On 16 October 2019 6:29:29 pm AEDT, Cyborg via Exim-users <exim-users@exim.org> 
wrote:
>
>Nospam2k <nospa...@gmail.com> (Mi 16 Okt 2019 08:05:05 CEST):
>>> Perhaps I should go about this a different way. I am going to be
>hosting multiple domains. Since it seems that $tls_in_sni is returning
>blank and/or can be unreliable, what is the best way to handle things?
>To just use a default domain for handling mail? For example, use
>mail.myhosting.com <http://mail.myhosting.com/> for everything instead
>of mail.mysite.com <http://mail.mysite.com/>?
>
>I can understand that you wanne use the domains own TLS Cert, but SMTP
>TLS isn't about authentity, it's about encryption.
>
>The cert, your mailserver presents, must match the name of the hostname
>your mailserver has and which he presents to others. It's 100% ok to
>use
>the hosts cert in TLS, as long as you have that name in your MX.

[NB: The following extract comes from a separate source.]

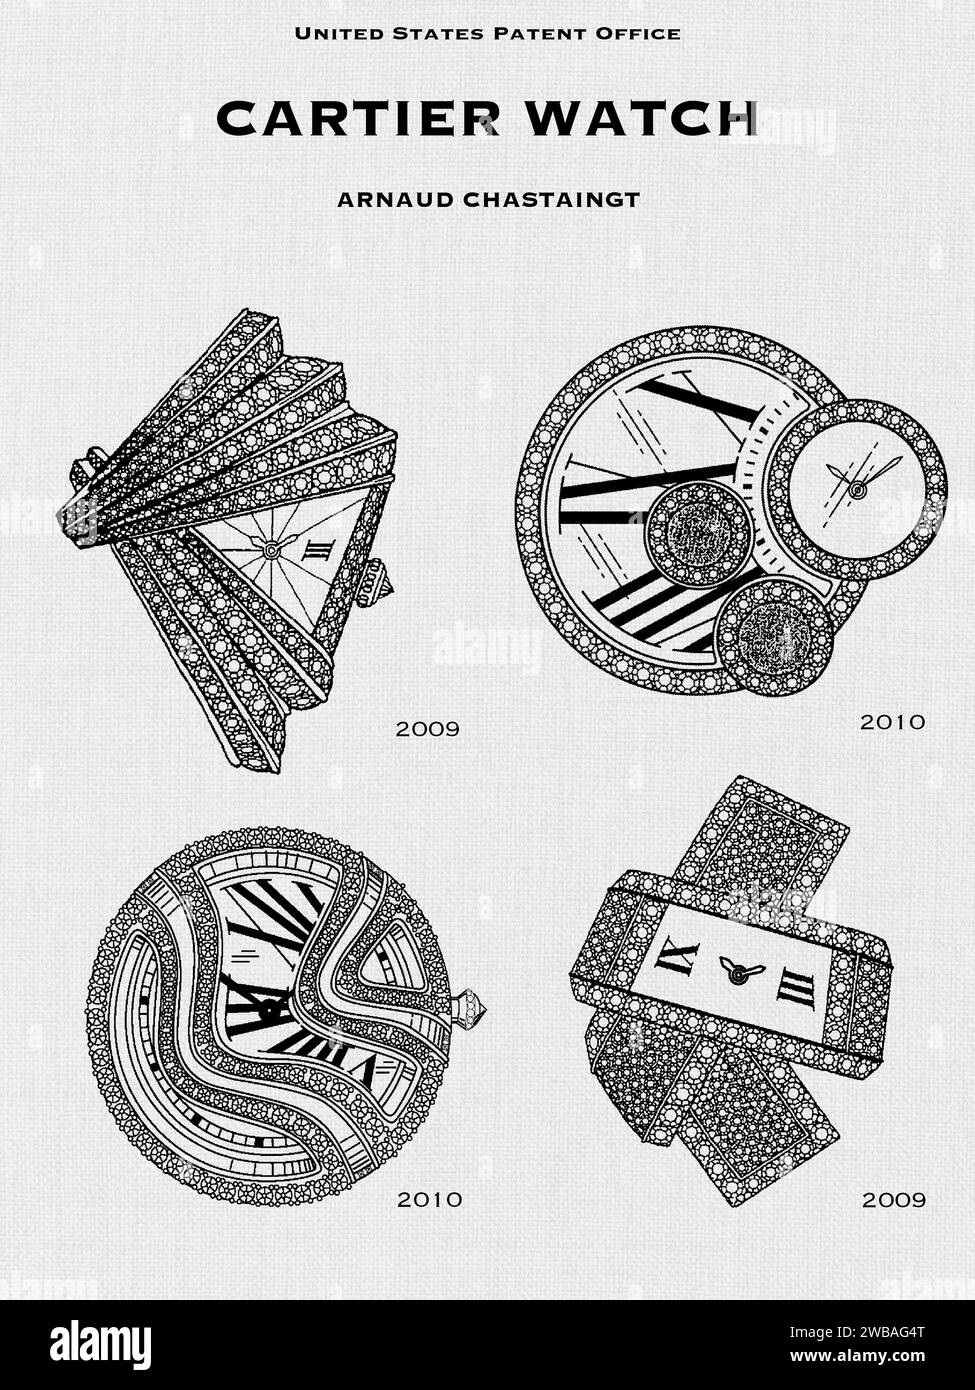 Disegni degli uffici brevetti STATUNITENSI per gli orologi Cartier di Arnaud Chastaingt su sfondo di lino bianco Foto Stock

I don't think that SNI is remotely useful for    mx traffic. Unless you're 
using dnssec you can't trust that a hostname appearing in an MX response is 
legitimate. If you're wanting to somehow tie the mail server to a legitimate 
certificate where it somehow reflects the recipient address then the only 
trustworthy value is the domain name of that address itself. For this reason a 
better option for authentication of mx records and mail servers is checking 
DANE/TLSA.

Where SNI becomes useful is for submission services. I believe many recent MUAs 
will send the server name extension in their TLS handshake to match what was 
added into the outgoing server setting. If this doesn't match then most will 
display a security warning similar to the way browsers do.